Around 35% of all U.S. adults aren’t getting enough sleep, and that spells potentially serious consequences for their physical and mental health. Sleep deprivation has been linked to obesity, heart disease, stroke, and high blood pressure. Teens, too, are at risk; researchers at Columbia University’s Mailman School of Public Health found that the average number of hours slept by American adolescents is seven – two hours less than the nine they should be enjoying. It is time to make getting a good night’s rest more of a priority – and that means giving due importance to sleep quality as well as sleep quantity.
Why does sleep deprivation affect our mental health?

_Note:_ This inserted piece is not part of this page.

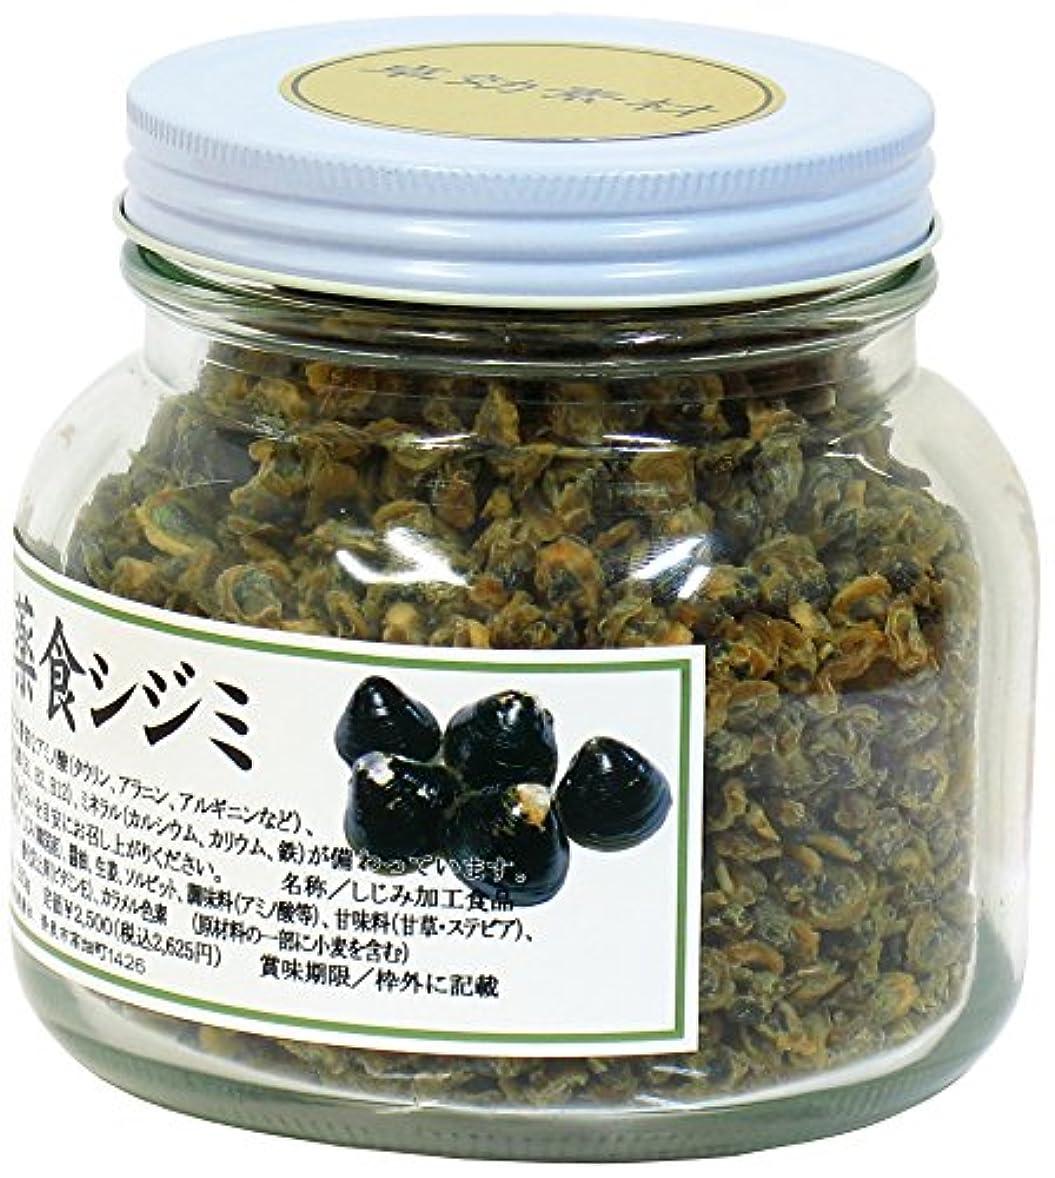 あいさつ粒子胸薬食シジミ260g 乾燥 オルニチン タウリン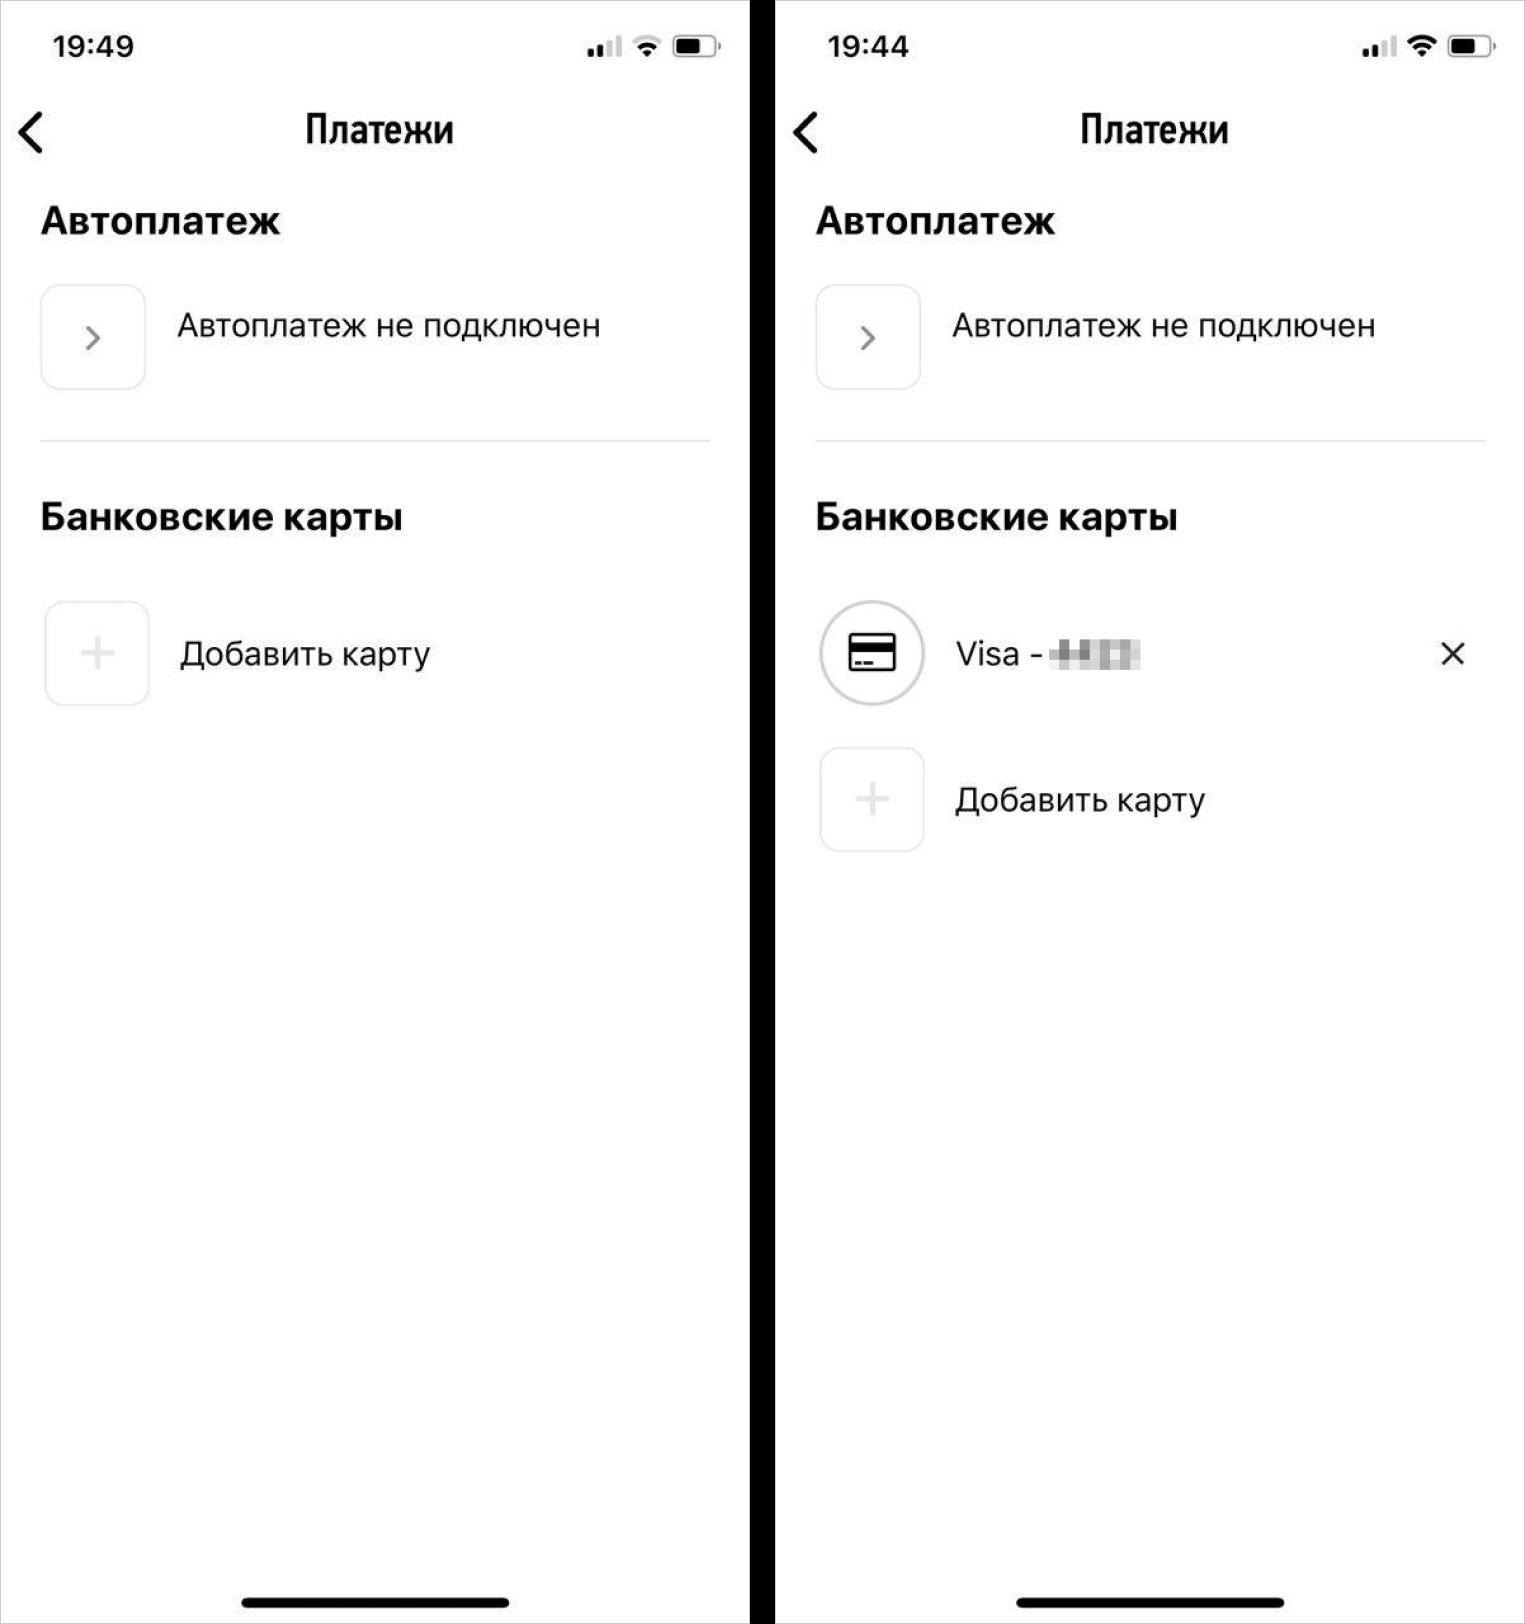 Приложение спишет у вас 1 рубль, чтобы проверить, что все работает, а сама карта появится в приложении через несколько минут

We have mentioned the plethora of physical ailments that poor sleep can cause, but sleep deprivation can have serious effects on our mental health beyond feeling stressed, tired, or moody. A recent study by scientists at the University of Oxford found that “sleep disruption is a driving factor in the occurrence of paranoia, hallucinatory experiences, and other mental health problems in young adults with an average age of 25.” Lack of sleep is also linked to anxiety and depression. The reason is that a lack of sleep affects the amygdala and the prefrontal cortex – two areas of the brain that are necessary for managing emotions. Sleep deprivation causes us to see things more negatively, and to become moodier and more emotionally reactive.
What is quality sleep?
In addition to sleeping the required number of hours for your age, it is important to go through all the cycles that make up good sleep – including the restorative ‘deep sleep’ phase, in which Human Growth Hormone (HGH) is produced. HGH helps the body in many ways, stimulating the immune system, increasing muscle mass and bone, and increasing calcium retention. To enjoy quality sleep, you should fall asleep within half an hour of your head touching the pillow, and you should wake up no more than once a night. Frequent tossing and turning or waking up means you are not going through all the different sleep cycles that are necessary for optimal health.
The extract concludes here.